CAVALLO Übergänge richtig reiten Dressur
Foto: Lisa Rädlein Die Hand muss federn und nachgeben.

Übergänge gelingen nur fließend, wenn das Pferd in der Balance ist. Damit können kleine wie große Pferde Probleme haben. Ihnen geht es dann wie Testpferd Daccordino: Dem langen Schlaks fällt es schwer, beim Antraben oder Angaloppieren die Balance zu halten. Der siebenjährige Wallach nutzt seinen Hals als Balancierstange und hebt sich bei Übergängen heraus. „Das Pferd entzieht sich der Anlehnung nach oben, um sich so in die nächste Gangart zu hebeln, weil die Hinterhand nicht aktiv genug ist“, analysiert Trainerin Claudia Butry.

Damit das Pferd fleißig von hinten arbeiten und den Rücken aufwölben kann, muss der Reiter diese Bewegungen zulassen. Dafür muss er locker im Becken mitschwingen und mit der Hand eine weiche Verbindung zum Pferdemaul haben. Bevor Claudia Butry an das Training fürs Pferd geht, hat sie einige Tipps und Übungen für die Reiterin parat, um die Grundvoraussetzungen für lockere Übergänge zu schaffen.

Die Testreiterin soll zunächst im leichten Sitz traben. „In der Bewegungslehre wird das als Affensitz bezeichnet“, sagt die Expertin.
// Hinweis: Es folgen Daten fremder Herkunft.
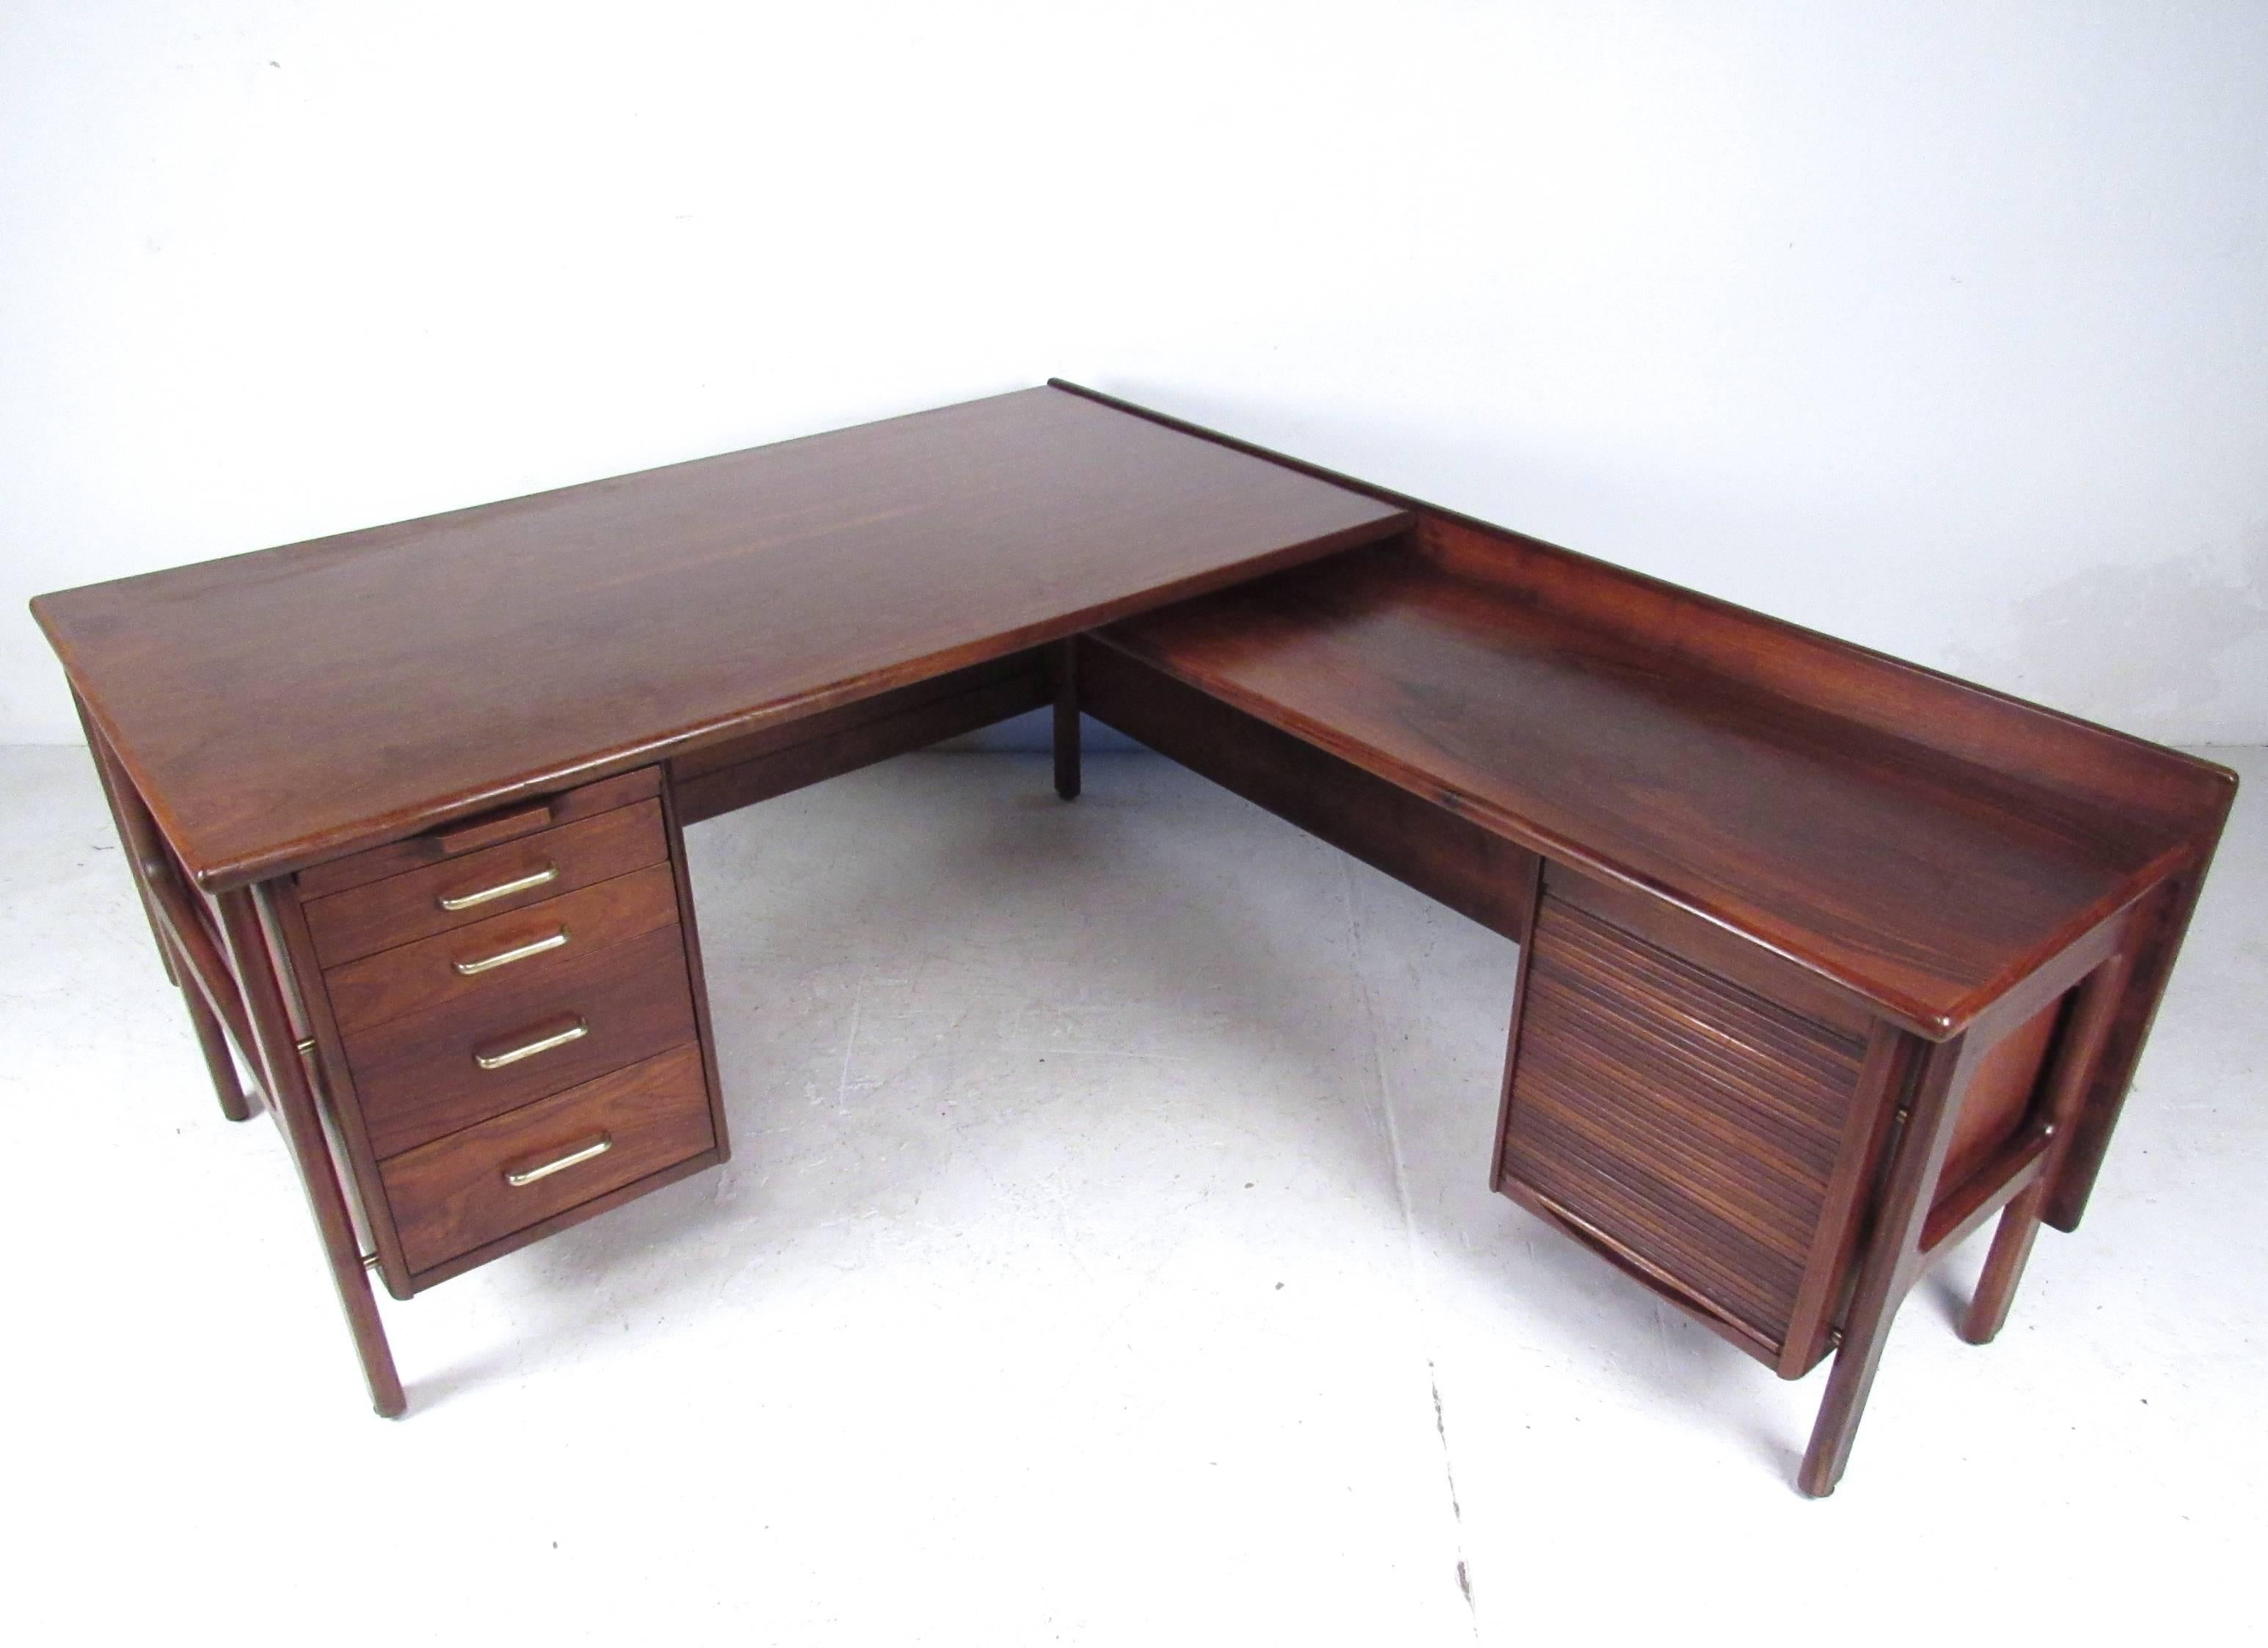 This stunning vintage desk boasts a spacious two-tier L-shaped work surface, offering plenty of room for multiple computers, printers, or other office needs. Added storage in metal glide drawers and extra filing behind vertical tambour panel add to

Der Reiter muss jeden Tritt weich mitfedern und sich dabei ständig ausbalancieren. Das lockert steife Reiter vom Genick bis zu den Sprunggelenken und macht den Sitz schnell elastischer.

Der nächste Tipp betrifft das Treiben. „Das Pferd muss vor dem treibenden Schenkel sein und fein auf das Bein reagieren, sonst klappen später keine Übergänge“, betont Claudia Butry. Wallach Daccordino ist hierfür ein Paradebeispiel: Er reagiert auf die treibende Beinhilfe, die ihn vom Schritt in den Trab bringen soll, nur zäh.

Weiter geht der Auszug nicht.